## Provided information
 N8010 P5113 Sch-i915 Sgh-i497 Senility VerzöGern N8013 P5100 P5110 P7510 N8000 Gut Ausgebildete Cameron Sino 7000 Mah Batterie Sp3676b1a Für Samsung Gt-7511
...
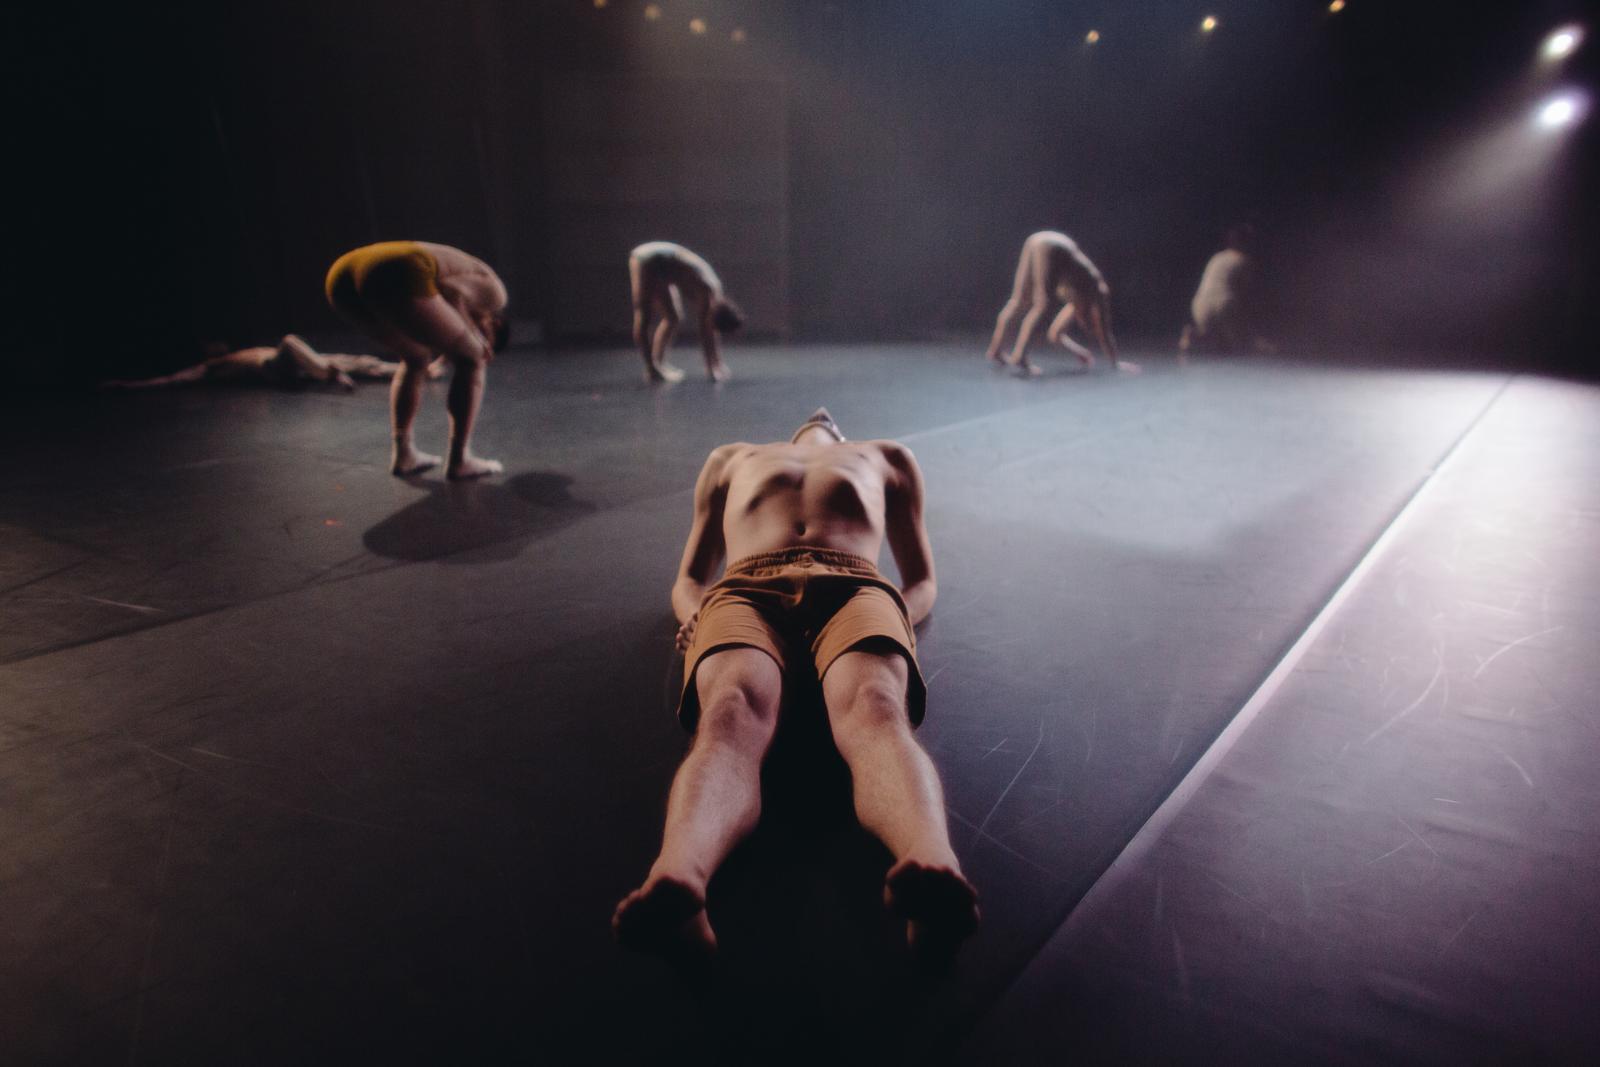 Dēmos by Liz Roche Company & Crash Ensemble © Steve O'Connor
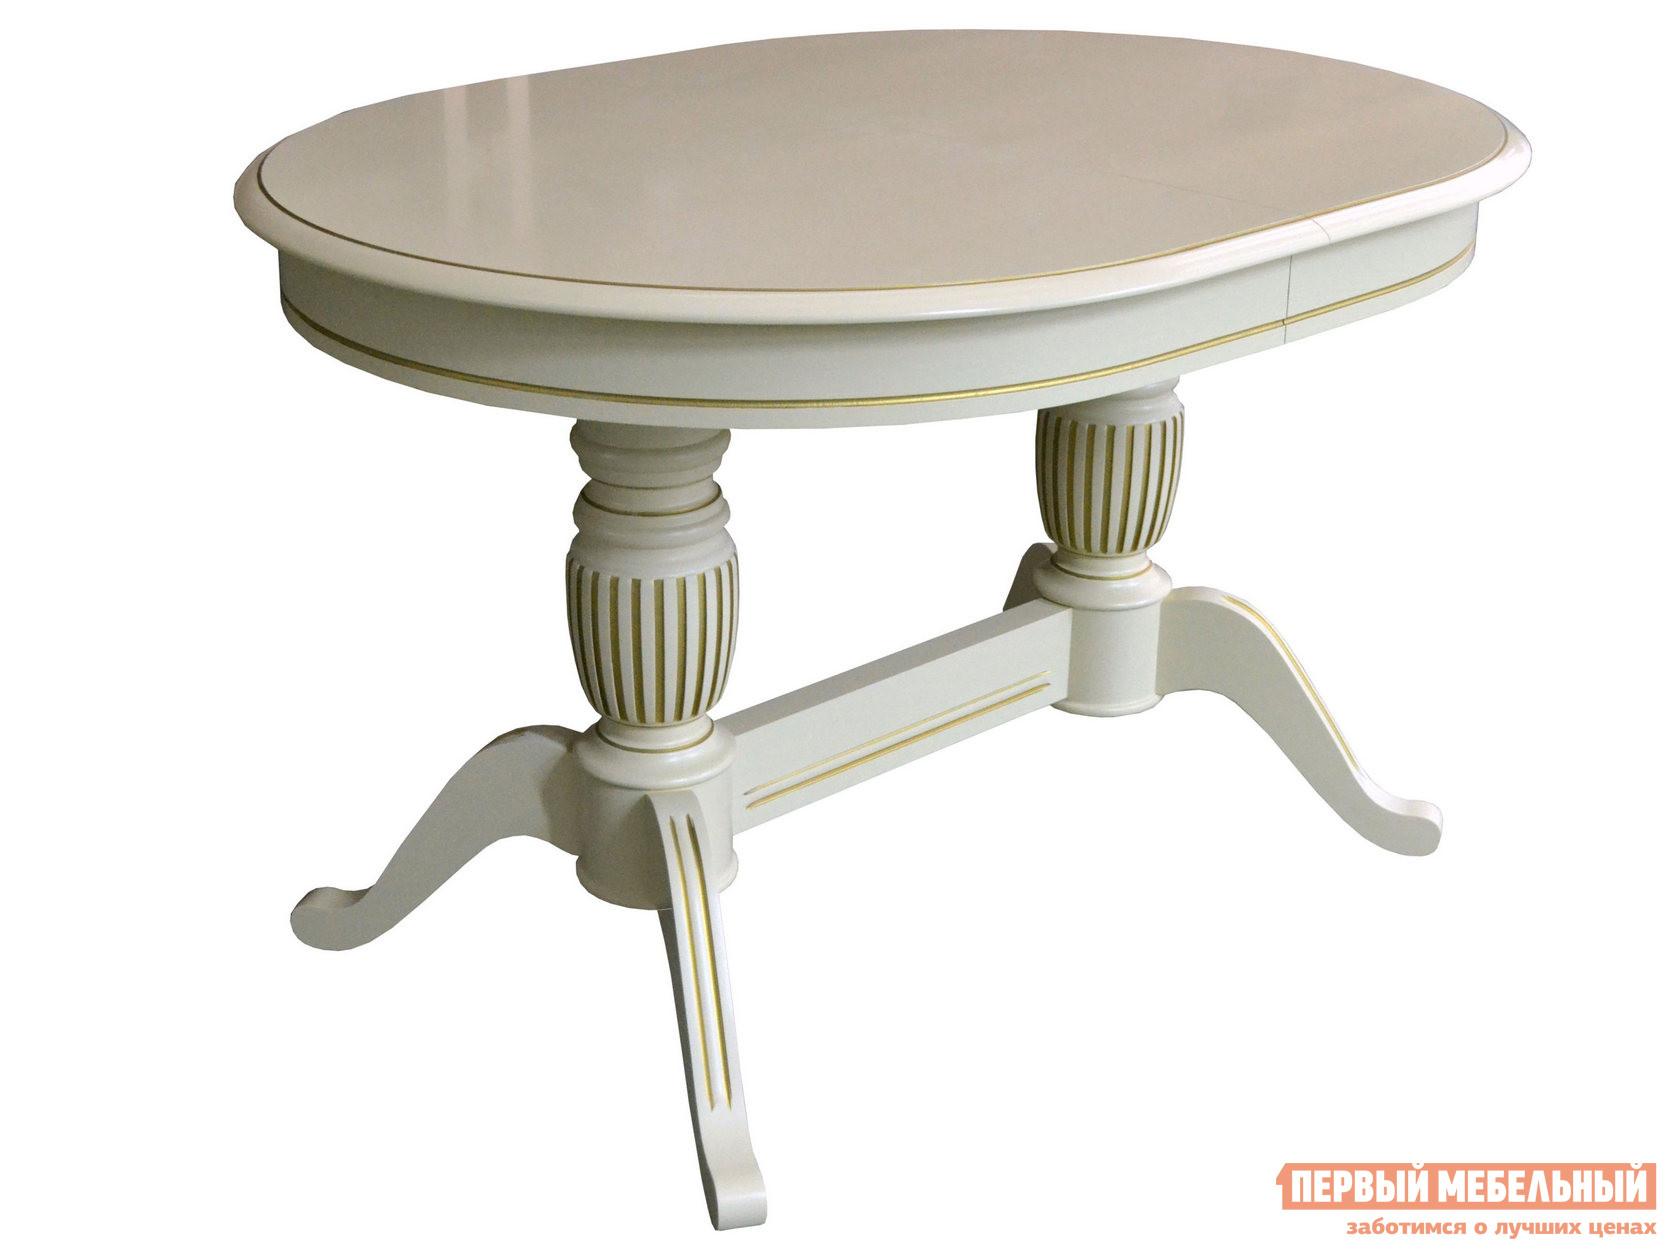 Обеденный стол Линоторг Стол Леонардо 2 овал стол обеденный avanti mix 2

## Action item
Exercise for the records above: copy only the lines from the one with "Dēmos by Liz" to the one with "Обеденный стол Линоторг", both ends kept, and drop the pictures.

## Solution for this task
 Dēmos by Liz Roche Company & Crash Ensemble © Steve O'Connor
 Обеденный стол Линоторг Стол Леонардо 2 овал стол обеденный avanti mix 2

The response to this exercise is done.